Patrick Chandler (breakout star Lucas Hedges) is forced to live with his uncle Lee (Affleck) following the death of his father, Joe (Kyle Chandler). Lee, who had been living a near-monastic existence as a janitor in Quincy, returns to Manchester-by-the-Sea to identify his brother’s body and attempt to cope with being Patrick’s guardian in a town that holds so many painful memories. Lee had once enjoyed life with his family in the sleepy fishing port, but an event disrupted his life and forced him to leave. To Patrick, Lee is the eccentric uncle he barely knows. To Lee, Manchester can bring him no good.

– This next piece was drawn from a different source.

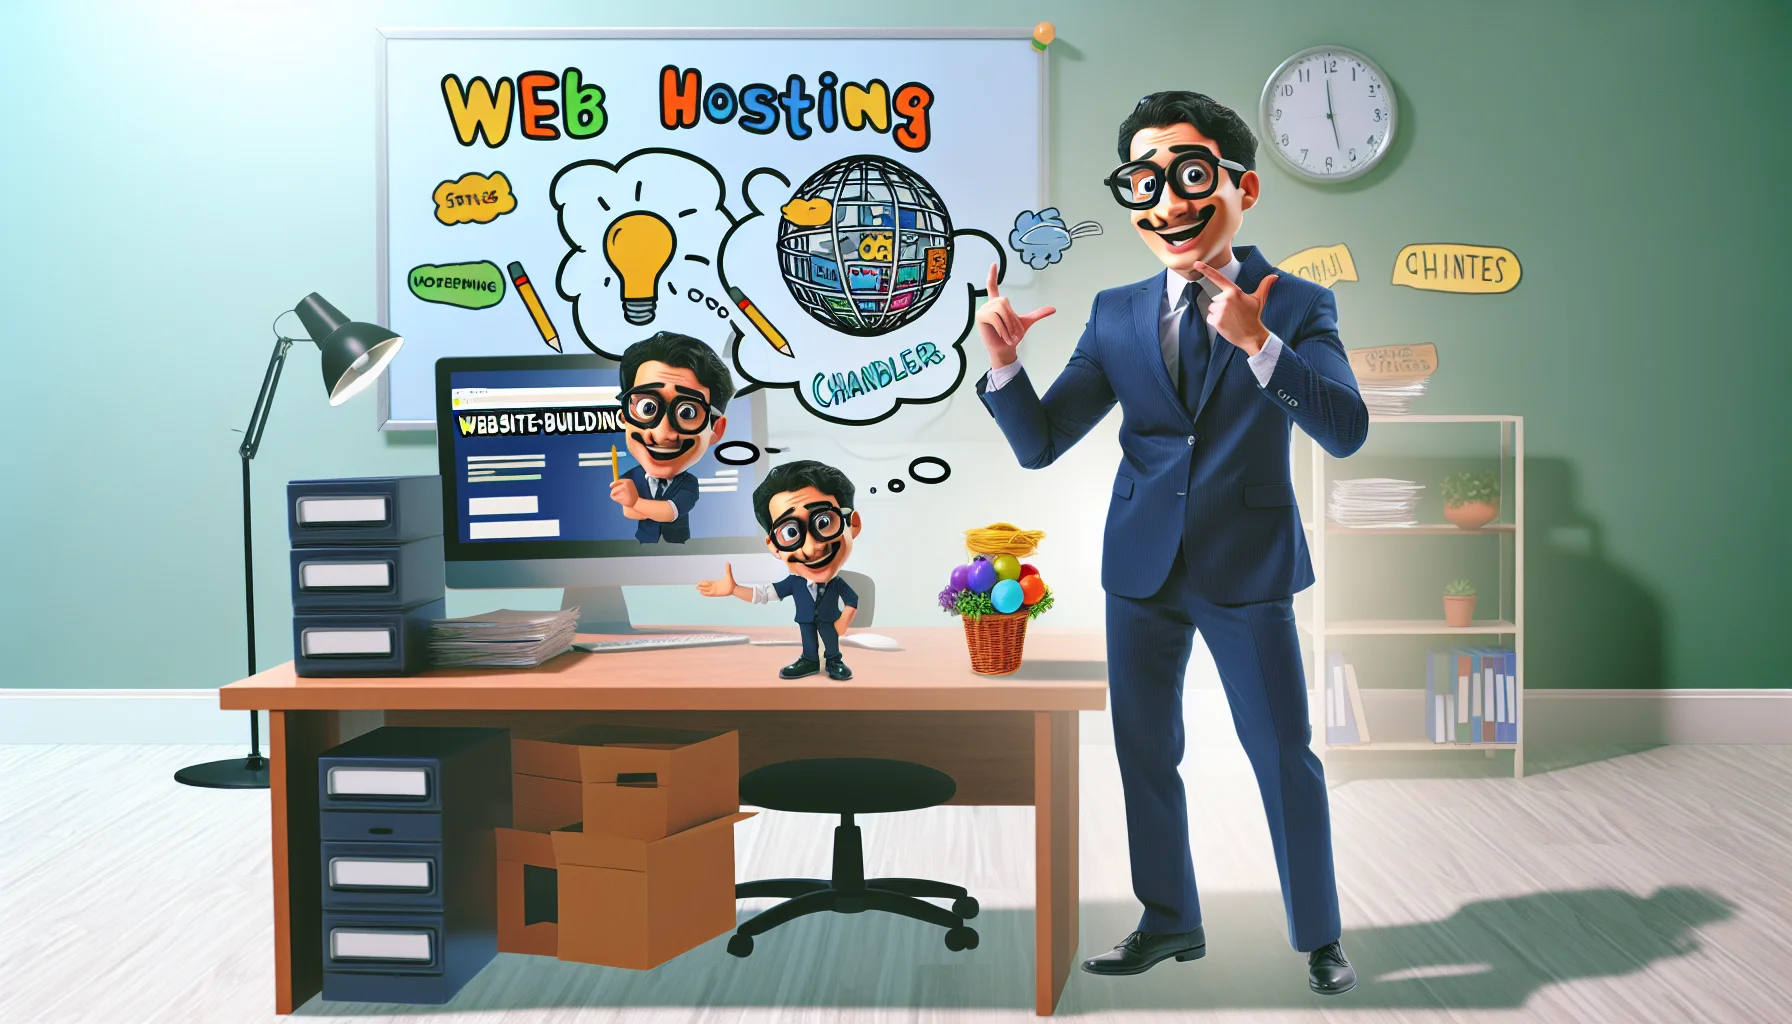 Create a lighthearted and amusing scenario featuring a fictional website-building character known as 'Chandler' who is working at 'Westberg & Associates', a fictitious digital services agency. The scene should showcase Chandler comically dealing with various elements of web hosting in imaginative and engaging ways. It would give the audience a sense of enjoyment and interest promoting the concept of website building and hosting.

But his love for his brother and a promise to look after Patrick should something happen to Joe, is one that cannot be broken.
Playwright Kenneth Lonergan’s directorial debut You Can Count on Me marked him out as a strong new voice in US cinema. His subsequent drama Margaret is considered one of the great US films of the 2010s. Manchester by the Sea firmly cements his reputation. Operatic in tone, the film works in a heightened register while never betraying its grounded portrait of blue-collar life. Affleck, Hedges and Chandler are excellent, with fine support coming from Tate Donovan, Heather Burns, Gretchen Moll and Lonergan regular Matthew Broderick. And Michelle Williams is dazzling, particularly in one of the film’s rawest moments – an encounter with Lee on a street.